29 November 2018 | William Davies | The Guardian

For hundreds of years, modern societies have depended on something that is so ubiquitous, so ordinary, that we scarcely ever stop to notice it: trust. The fact that millions of people are able to believe the same things about reality is a remarkable achievement, but one that is more fragile than is often recognised.

At times when public institutions – including the media, government departments and professions – command widespread trust, we rarely question how they achieve this. And yet at the heart of successful liberal democracies lies a remarkable collective leap of faith: that when public officials, reporters, experts and politicians share a piece of information, they are presumed to be doing so in an honest fashion.

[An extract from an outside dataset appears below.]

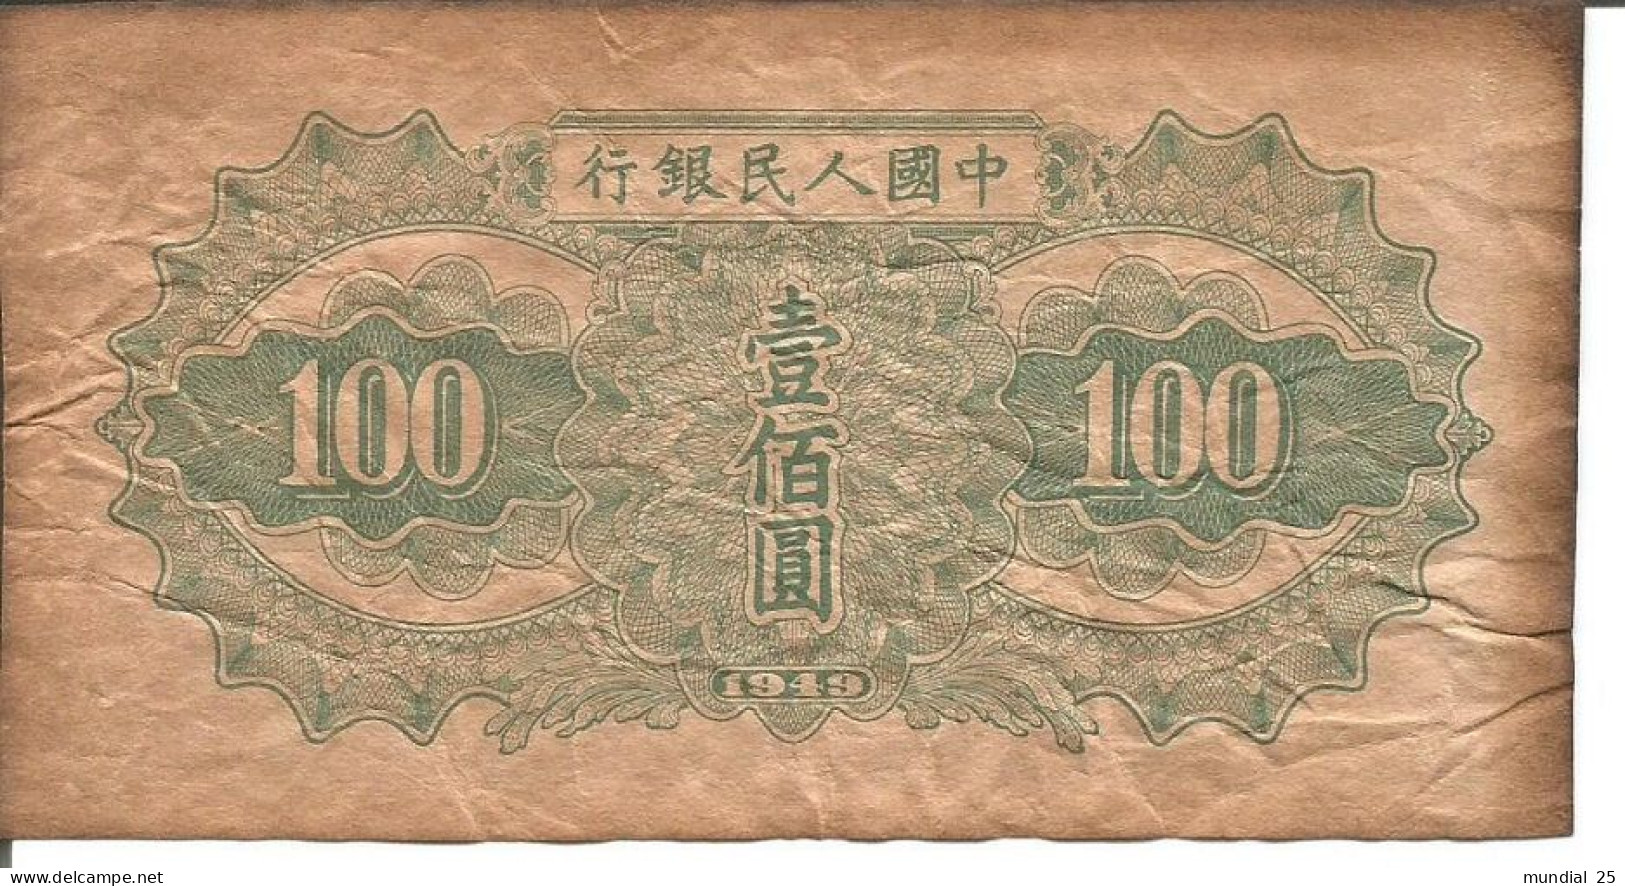 CHINA 100 YUAN 1949 - REPRINT NOTE - China

The notion that public figures and professionals are basically trustworthy has been integral to the health of representative democracies. After all, the very core of liberal democracy is the idea that a small group of people – politicians – can represent millions of others.

If this system is to work, there must be a basic modicum of trust that the small group will act on behalf of the much larger one, at least some of the time. As the past decade has made clear, nothing turns voters against liberalism more rapidly than the appearance of corruption: the suspicion, valid or otherwise, that politicians are exploiting their power for their own private interest.

This isn’t just about politics. In fact, much of what we believe to be true about the world is actually taken on trust, via newspapers, experts, officials and broadcasters. While each of us sometimes witnesses events with our own eyes, there are plenty of apparently reasonable truths that we all accept without seeing. In order to believe that the economy has grown by 1%, or to find out about latest medical advances, we take various things on trust; we don’t automatically doubt the moral character of the researchers or reporters involved.